For anyone else that knew this sounds familiar, it's a great take off of Commander Cody and His Lost Planet Airmen song Hot Rod Lincoln.



Randy Newman
 

Hi Dennis. Just had to chime in on the 555 bandwagon. While it is not (by far) the fastest scope I own, it is in ways the most impressive, however it’s feature I most appreciate is it’s clear fine-line trace. Mine also has the purple-blue phosphor (which, if I remember correctly is the one especially suited to photographic use).
I have used 16GHz Tek DSO’s at work, which are cool, but still love my 555.


 

Hi Randy,
The trace sharpness was a hallmark of Tek scopes. The increased bandwidth, high writing rate, and very fast sweep speeds of the 7000 series necessitated higher acceleration voltages. 7000 CRTs would have to be so long (up to 7') they would be impractical unless a way could be found to solve this problem.
The solution Tek came up with was the Domed (Expansion) Mesh which unfortunately expands the beam width.
It was an engineering tradeoff.

The 7104 CRT does not use an domed mesh.
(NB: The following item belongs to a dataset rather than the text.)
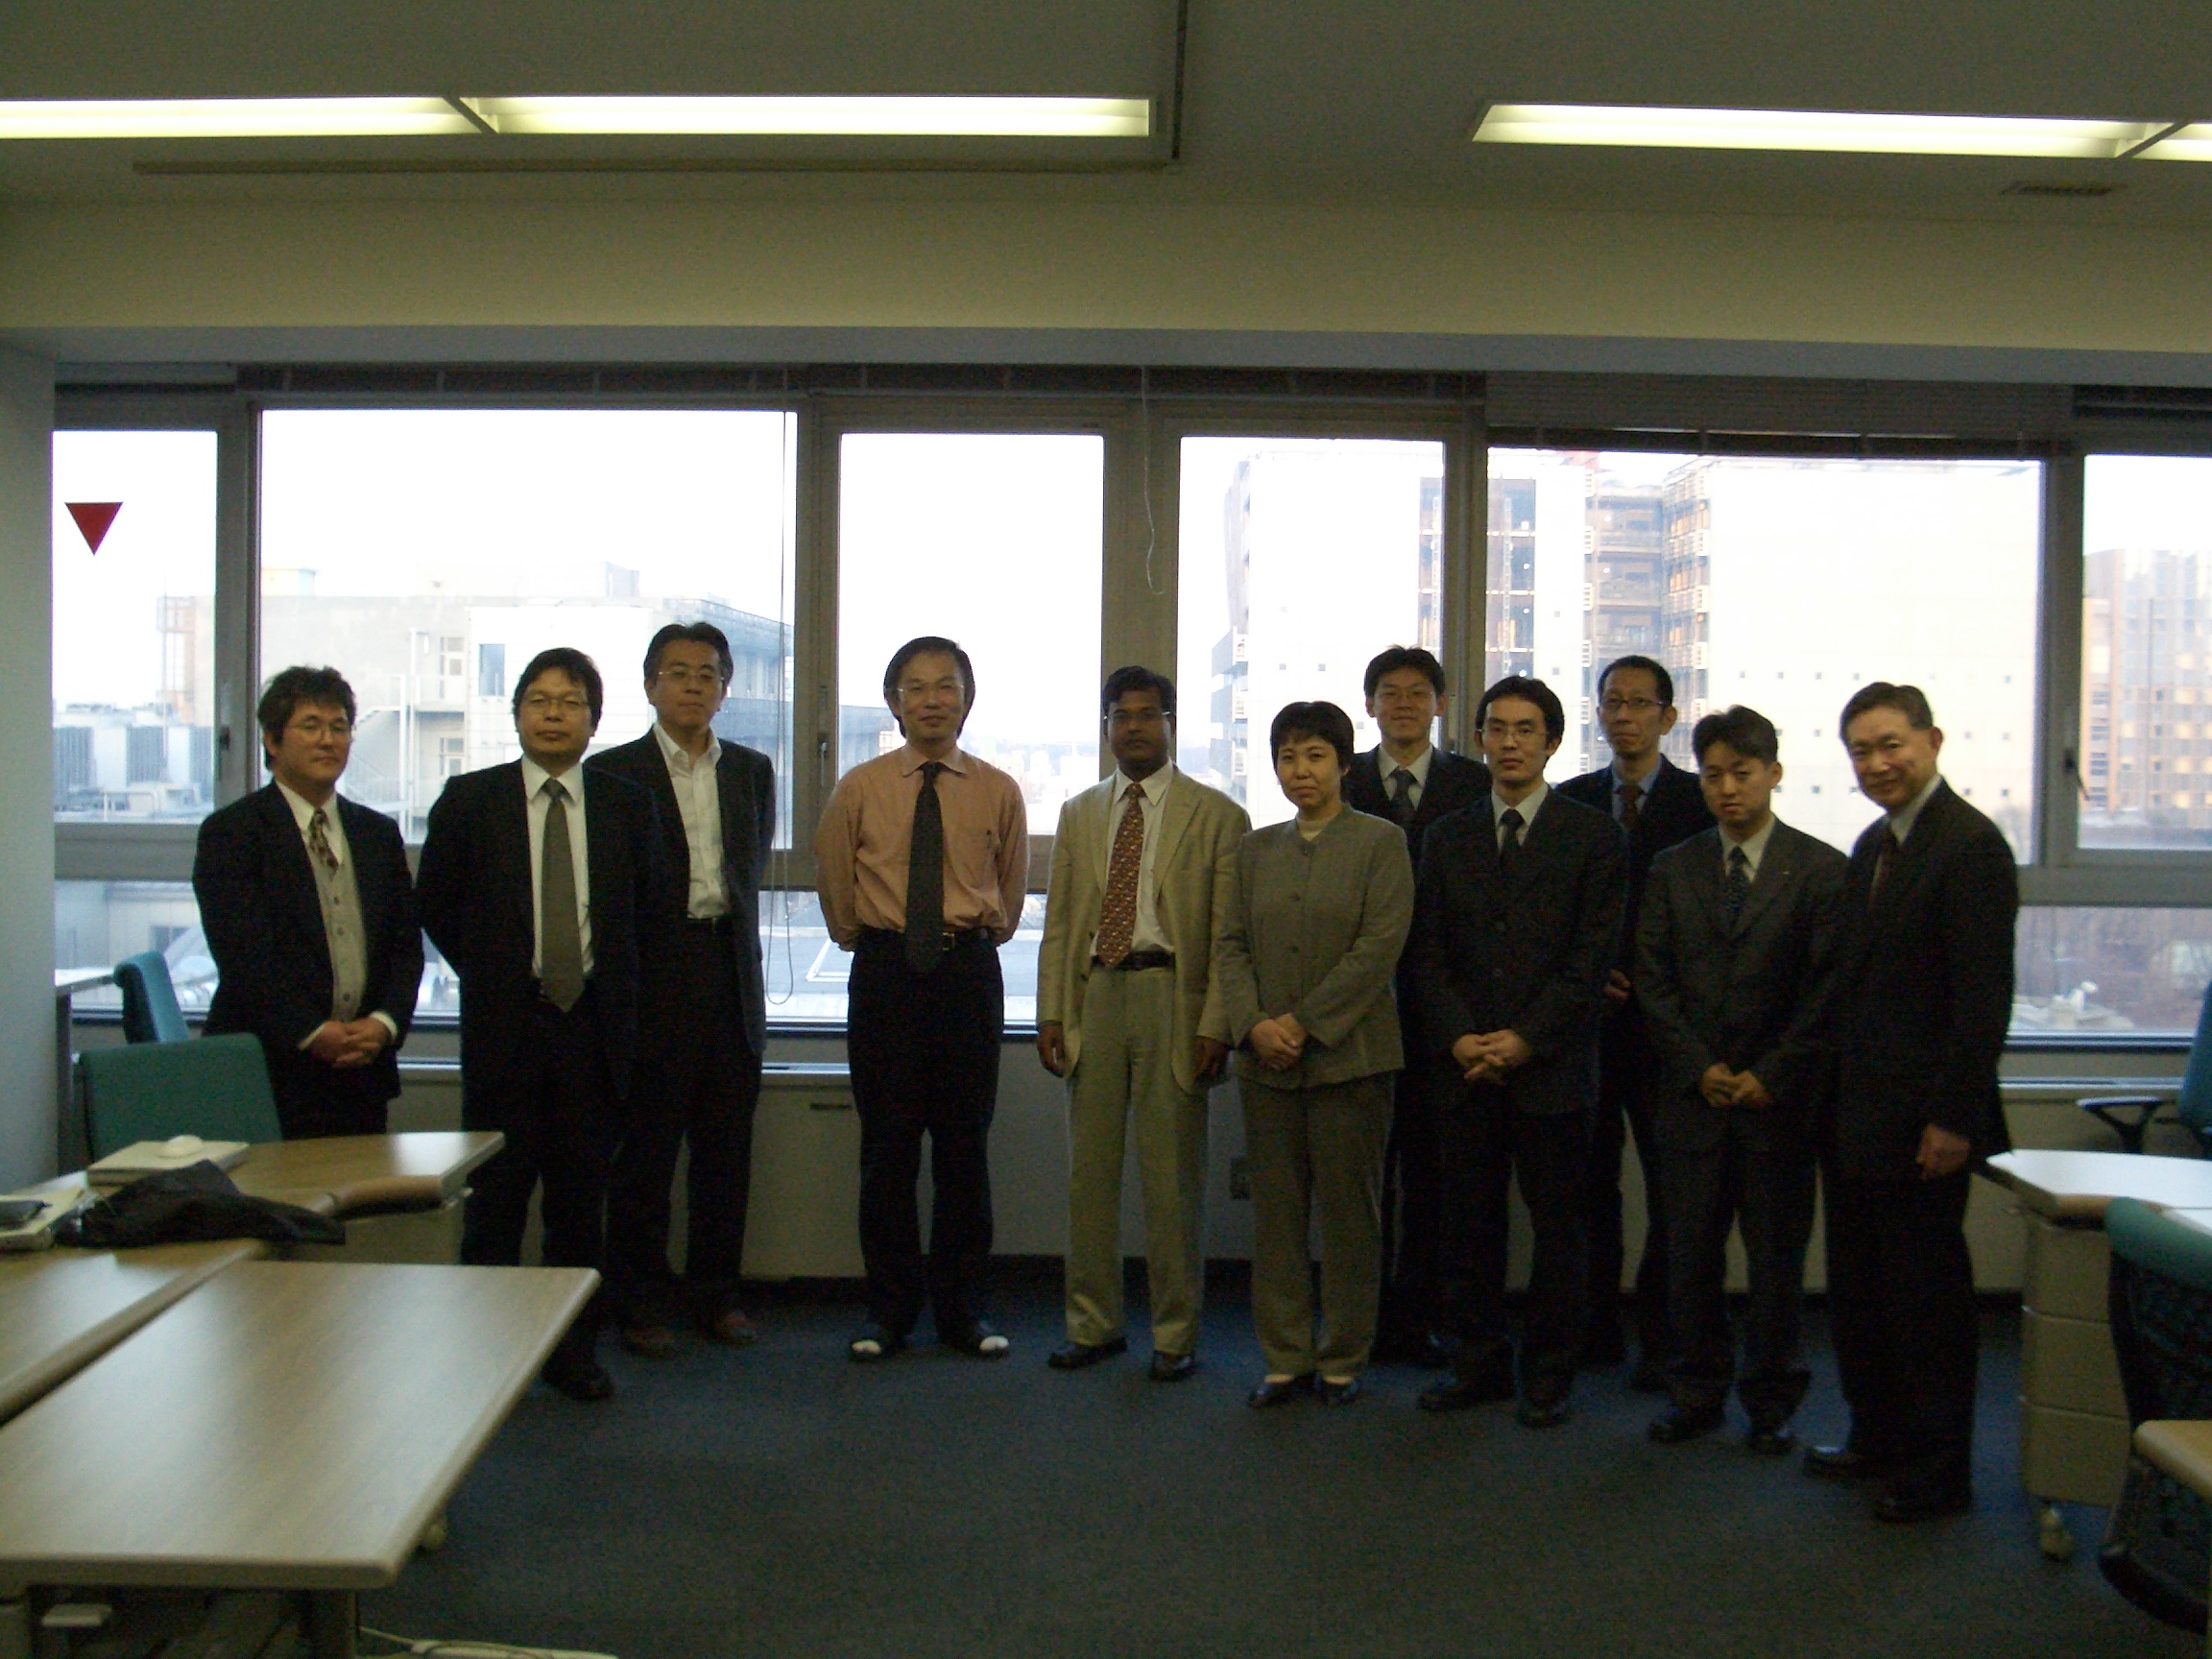 Me and my colleagues at Uni Tokyo

It uses a scan expansion lens and a spot demagnification lens.
You can read more about all the tradeoffs that have to be taken into account here
https://vintagetek.org/wp-content/uploads/2017/11/Electronic-Design-Jan-18-1979.pdf
and here
https://vintagetek.org/wp-content/uploads/2017/11/Tekscope_1979_V11_N1.pdf

Dennis Tillman W7pF

-----Original Message-----
From: TekScopes@groups.io [mailto:TekScopes@groups.io] On Behalf Of Randy Newman
Sent: Wednesday, June 17, 2020 8:58 PM
To: TekScopes@groups.io
Subject: Re: [TekScopes] In Defense of the 7A19 + Ode to the 555 Triple Nickel

Hi Dennis. Just had to chime in on the 555 bandwagon. While it is not (by far) the fastest scope I own, it is in ways the most impressive, however it’s feature I most appreciate is it’s clear fine-line trace. Mine also has the purple-blue phosphor (which, if I remember correctly is the one especially suited to photographic use).
I have used 16GHz Tek DSO’s at work, which are cool, but still love my 555.